"In the end, you get the audience you deserve."
-- Prince Rogers Nelson
"Gary Webb is dead."
-- John M. Deutsch
Deutsch didn't actually say that, but I couldn't resist. At my lunch the other day, Danziger said several things, just snatching ideas right out of my head. I don't have conversations like that every day. But he blamed Woodward and Bernstein for the significant problem with journalism today. It's exactly what I think. Nobody wants to report what's going on, they want to get to the point at which they can investigate their way into a book deal. Another way of thinking about it, is that any journalist that doesn't call himself a newspaperman is a hack author trolling reality to make up for his lack of imagination. And the sad fact is that John Sandford's got them beat.
The problem with the 20th century is that we've got too many literate people, and journalism dying is just a symptom of the fact that we don't know what to do with that many working minds. The web will fix that, but I digress, sorta.
If you recall, Gary Webb was the investigative, excuse me, prizewinning investigative journalist and author of the controversial book, Dark Alliance. You see there's a problem with Gary Webb. He's dead. Now I happen to be one of those people who believe that there are no coincidences. People are too curious, too powerful and they have too much money to leave you alone if you're interesting, and Gary Webb, before he died, became very interesting. He became very interesting to perhaps the wrong kind of people - which is to say the kind of people who have too much familiarity with world history to care about the life of a journalist. I probably say it too much, but I have a good idea what a spy is like and the level of competency required to handle the sort of information and disinformation that really matters in this world. There's no way that the overwhelming majority of journalists measure up, much less merit the market share of the world's burgeoning literate population.
A story that sticks in my head is this one entitled Knowledge is Pain:
G. Gordon Liddy was playing the role of a corrupted colonel who shipped drugs or something dastardly in Vietnam. He has managed to keep the story under wraps until a crusading journalist (who must have inspired Michael Moore) discovered the awful truth. This journalist wore shorts and sandals, was scruffy as an old mutt and doggedly pursued every bit of muck he could rake on Liddy's character. He always suspected something but never really knew anything and so he manufactured alternate realities until he stumbled upon the real truth. He badgered witnesses who wouldn't fess up; he couldn't understand why the Vietnamese didn't want to let the world know.
In classic style, Liddy confronts the journalist and delivers the monologue before pulling the trigger. He says that he was once ideologically fanatic as the journalist was, but that living in Asia had taught him a lesson that Americans rarely learn. Westerners believe, quoth Liddy, that the truth will set you free. Au contraire (please translate that into Mandarin, ed), the truth is a great burden that serves no man. The truth only brings suffering and pain. Liddy then provided the lead exclamation point to that sentence at about 1200 feet per second into the abdomen of the newly enlightened journalist, who presumably died wiser than he ever lived.
The truth serves no man.
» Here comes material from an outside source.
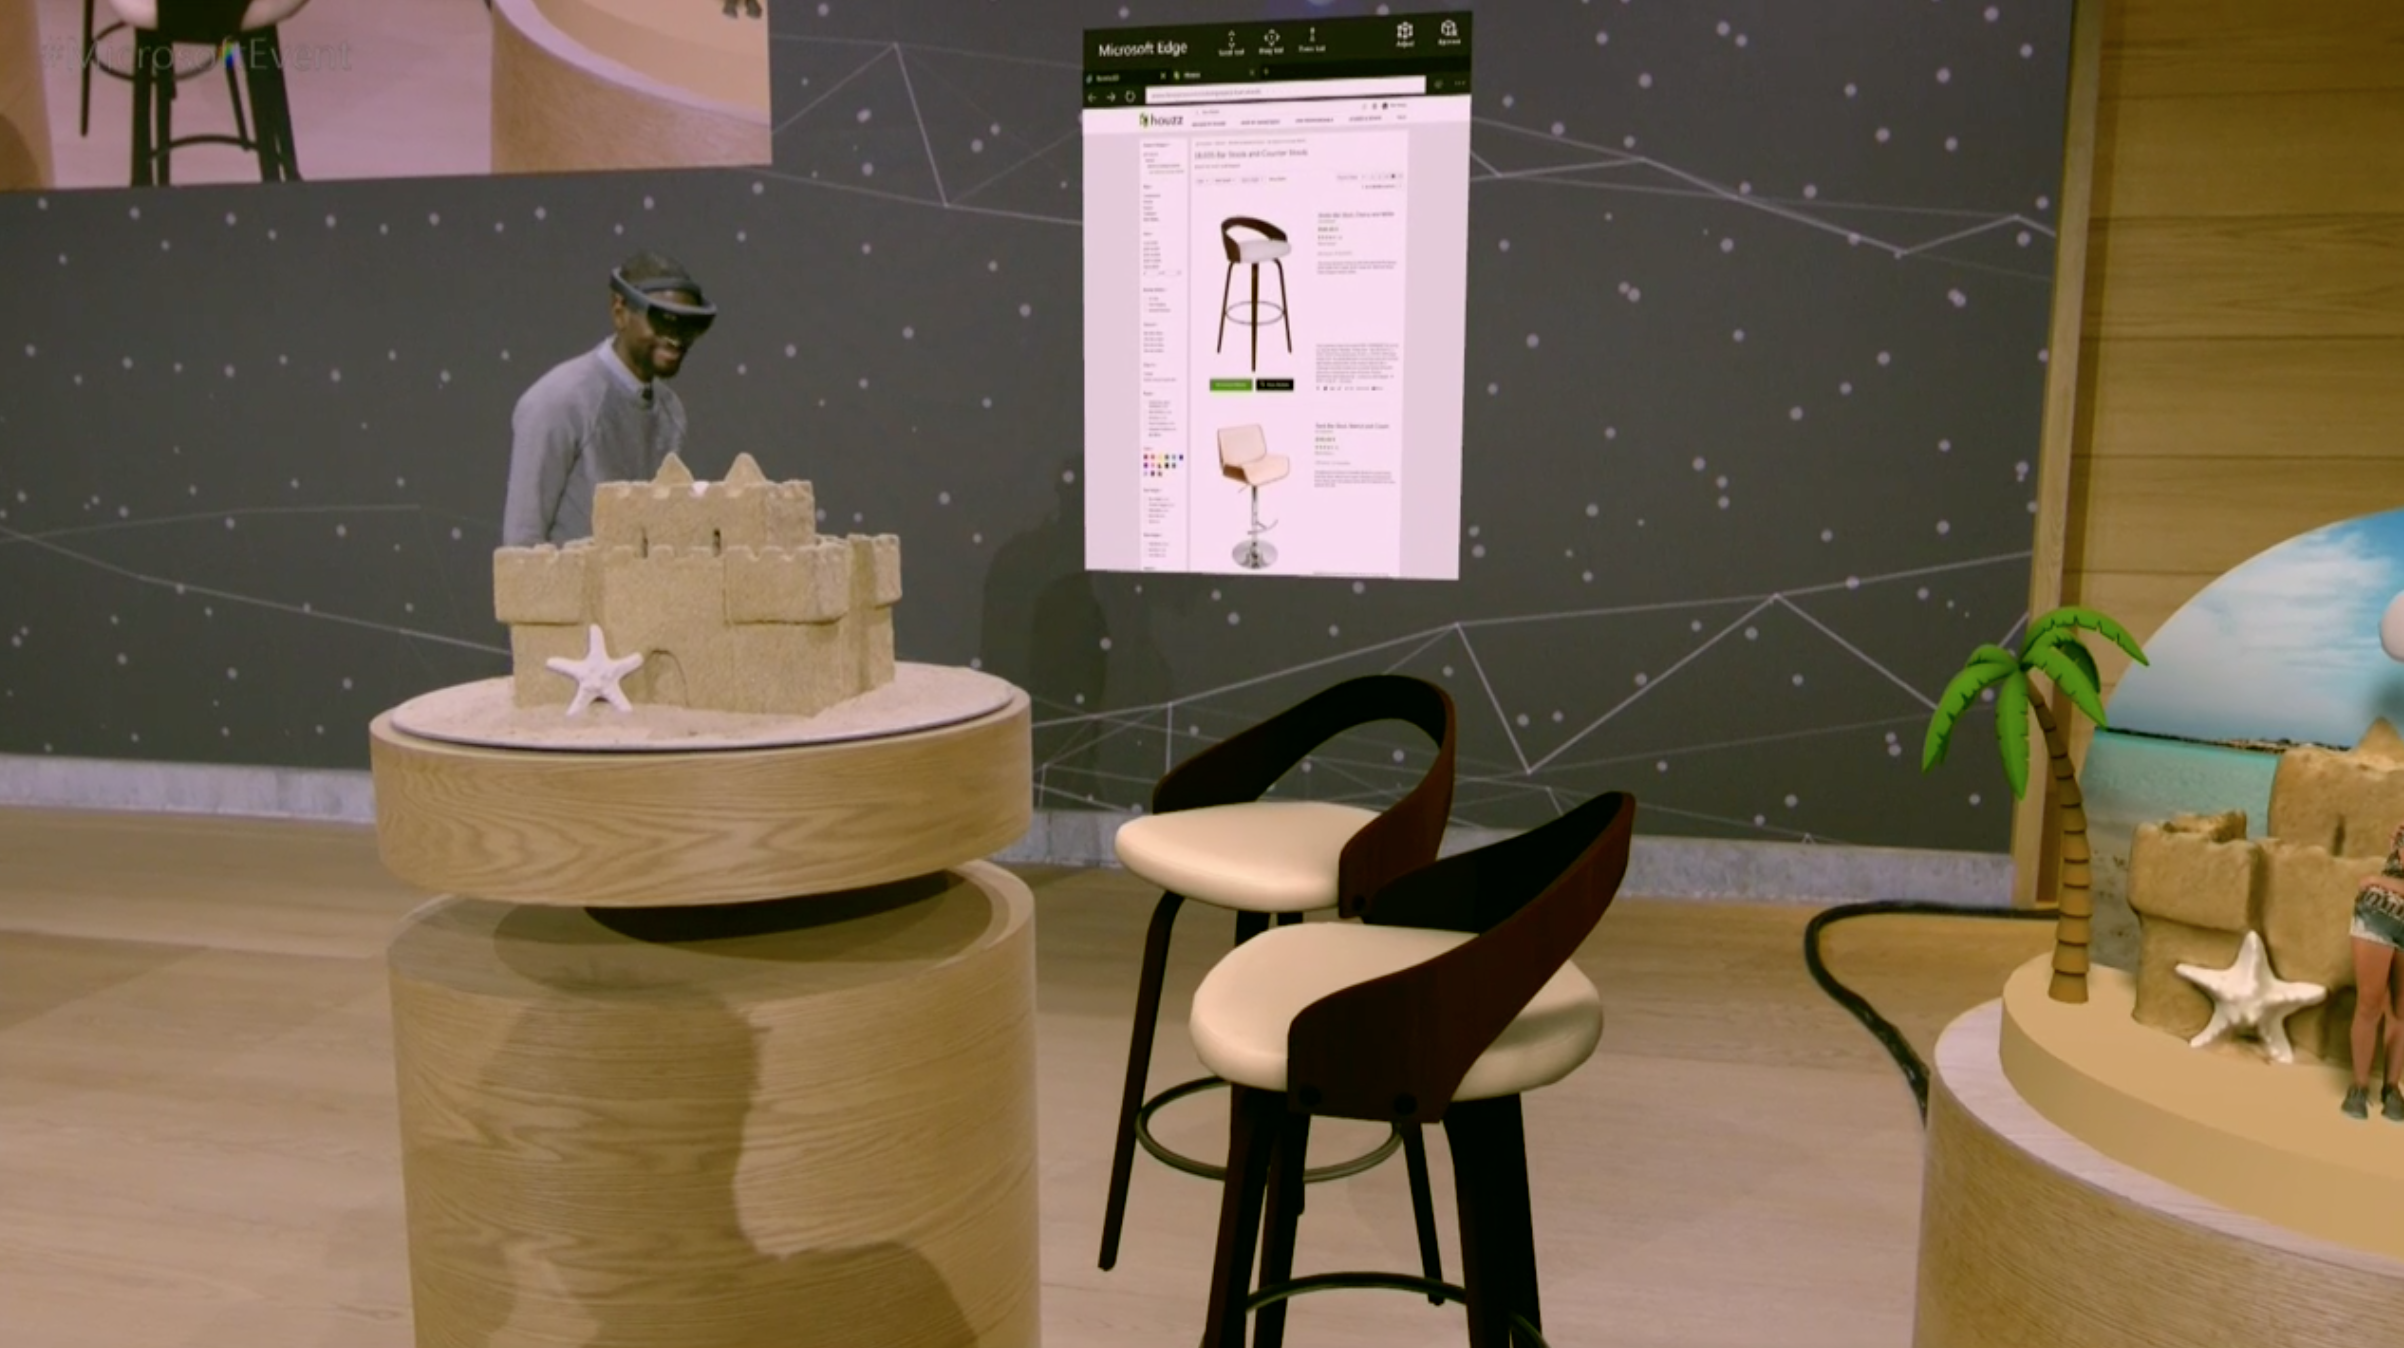 Tuolit ja oikean reunan hiekkalinna ovat virtuaalisia luomuksia todellisessa ympäristössä, kiitos HoloLensin.

It only brings suffering and pain to those who discover it, because possession of the whole truth puts one at odds with the rest of humanity which is suffering an illusion. Humanity's illusion, when confronted, will crush the amateur. And so hack authors are invited, hell bribed, by the likes of the Pulitzers to develop the intestinal fortitude to afflict the comfortable, presumed guilty until blessed by the media.
Understand our limits. We are evolutionarily limited in our ability to improve greatly upon the information soup we swim in. I actually have a better metaphor that deals with time travel, but more on that later. My point is that there is only so much that so many of us can understand and absorb all at once, and only so much action that can be driven by mass consciousness, and mass media is now discovering that it is inherently incapable of sustaining that mass consciousness. Except it keeps accelerating these hacks into media stardom - every day trying to make the next Cronkite, the next Woodward, the next Oprah.
So what we are witnessing now in the collapse of the mainstream media is, in my view, the failure of the news business to learn to organize itself in some way other than a propaganda organization or star machine. New media does not have that burden - it doesn't presume to need or sustain a mass audience or a massive burden of the aims of the Fourth Estate. The new media recognizes that the literate few are whom they are and are not necessarily bound to move the nation. I suspect and hope that media gets small - that newspapers return to their roots as small partisan affairs with no pretensions of being capable of changing the conscience of the nation or of the world. I think that what will inevitably emerge will be better, both more modest and more accurate, and less likely to attract crusaders.